Exercise description:
Using the entries that follow, write out the line containing "MATERIALIEN: Baustahl, pulverbeschichtet", the line containing "Coco Flip ist", and every line between them, exactly and nothing else.

--- Given data Enclosed Below ---

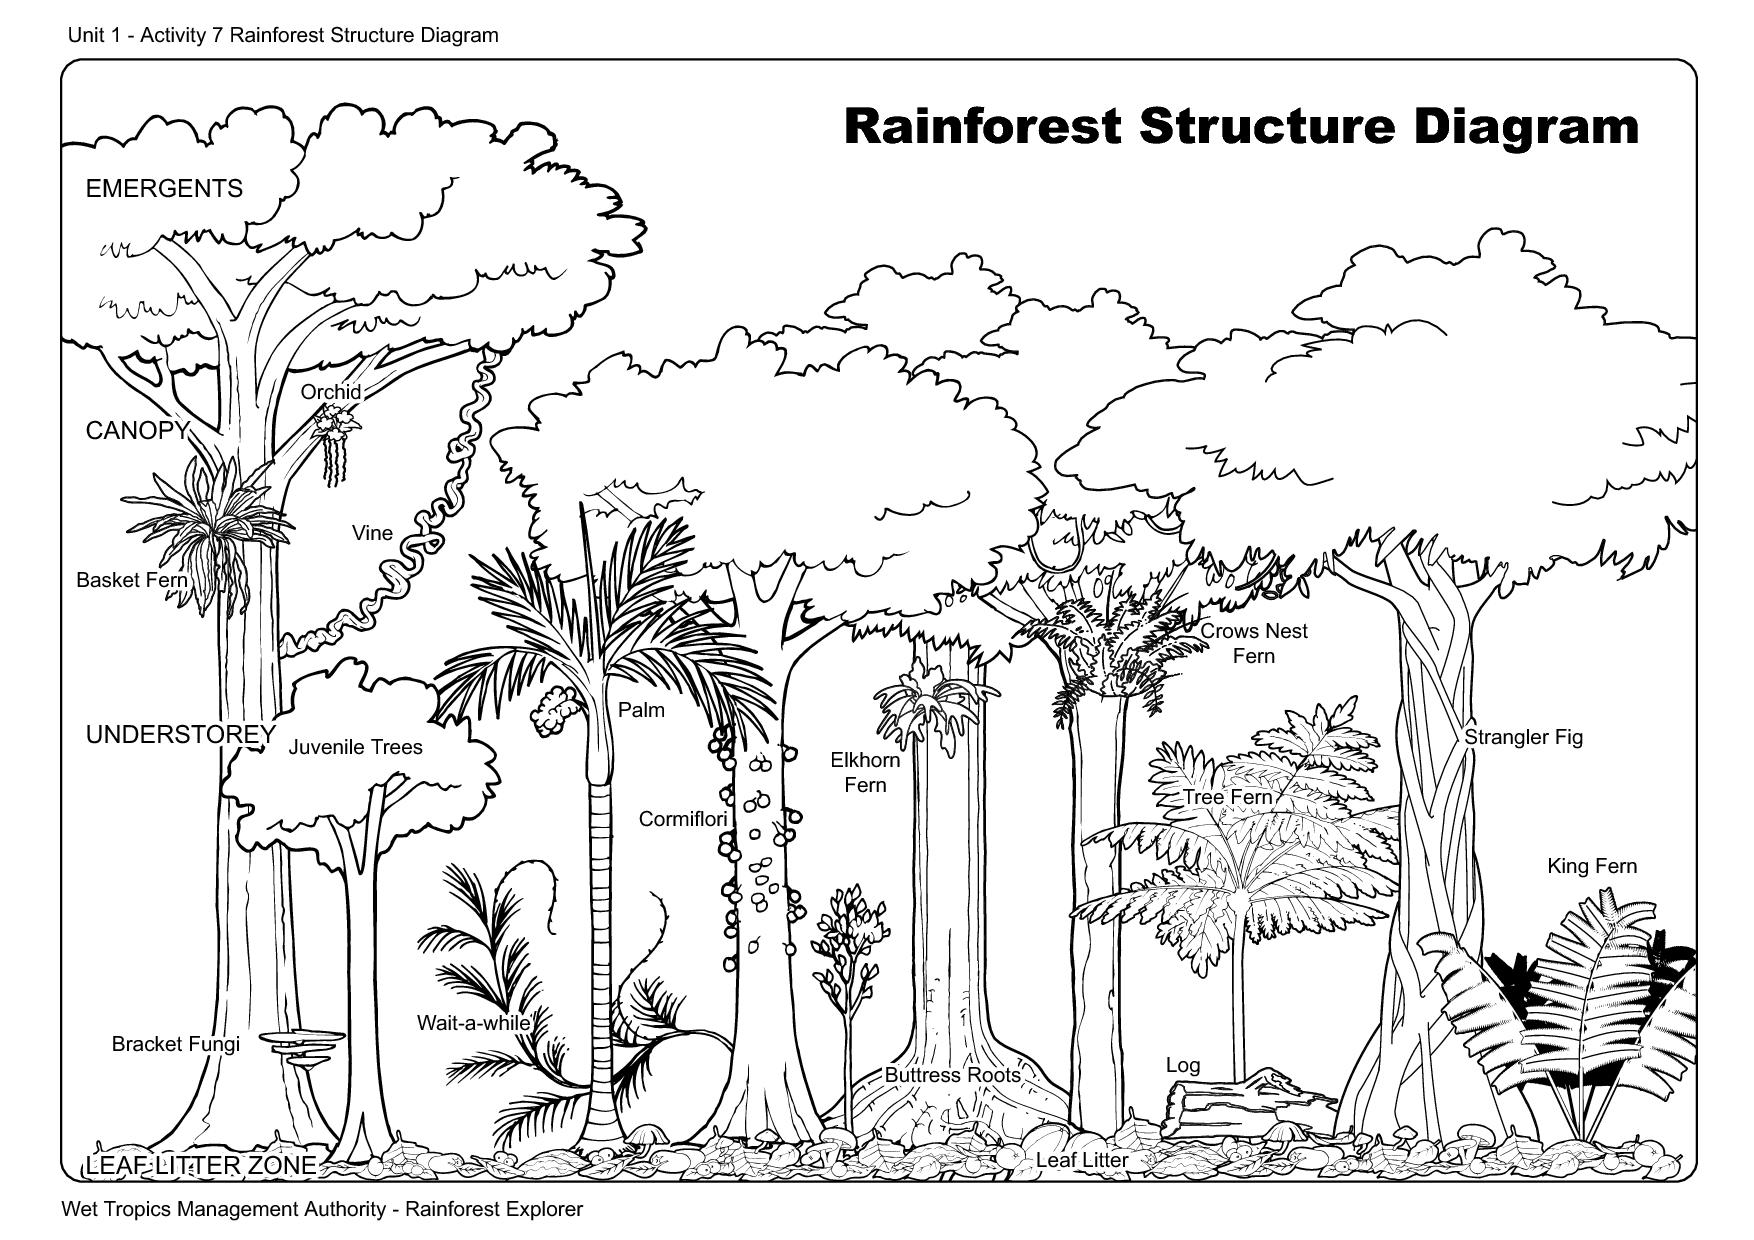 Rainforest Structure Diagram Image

--- End of Enclosed Given data ---
--- Given data Enclosed Below ---

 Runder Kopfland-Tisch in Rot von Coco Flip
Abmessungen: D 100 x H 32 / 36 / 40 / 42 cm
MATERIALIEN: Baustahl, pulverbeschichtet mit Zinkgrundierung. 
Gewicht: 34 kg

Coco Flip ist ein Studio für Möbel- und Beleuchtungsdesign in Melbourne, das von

--- End of Enclosed Given data ---
--- Given data Enclosed Below ---

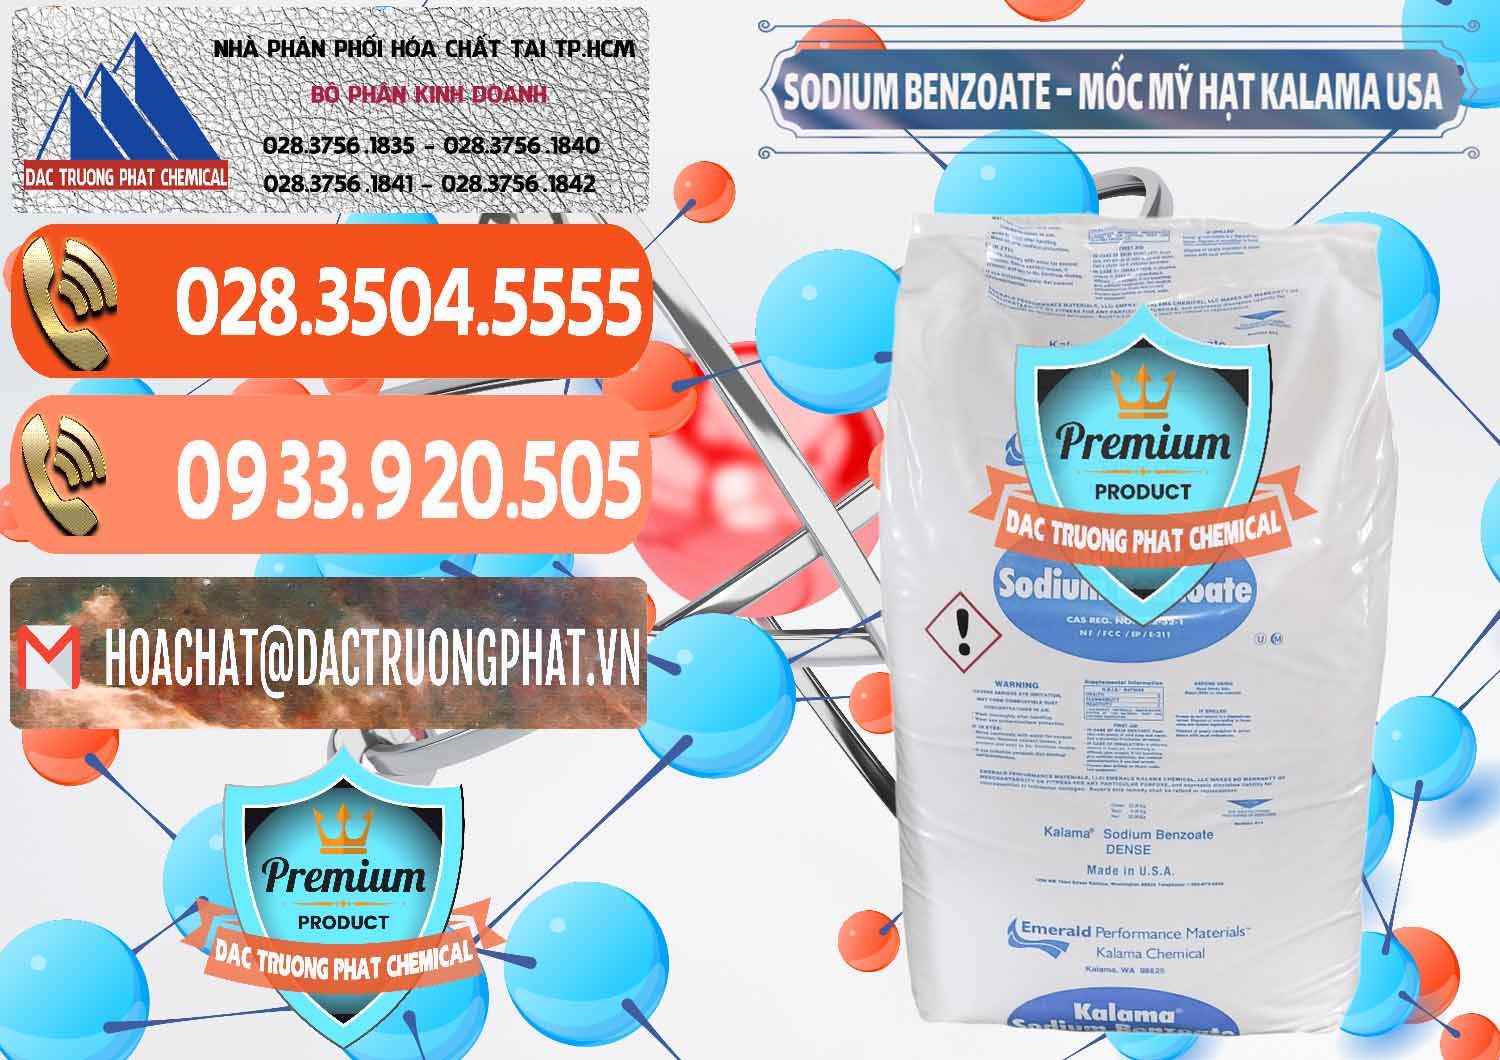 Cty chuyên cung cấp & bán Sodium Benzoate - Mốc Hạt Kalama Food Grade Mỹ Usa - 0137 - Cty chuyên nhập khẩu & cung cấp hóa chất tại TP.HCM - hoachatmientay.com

--- End of Enclosed Given data ---

Task answer:
MATERIALIEN: Baustahl, pulverbeschichtet mit Zinkgrundierung. 
Gewicht: 34 kg

Coco Flip ist ein Studio für Möbel- und Beleuchtungsdesign in Melbourne, das von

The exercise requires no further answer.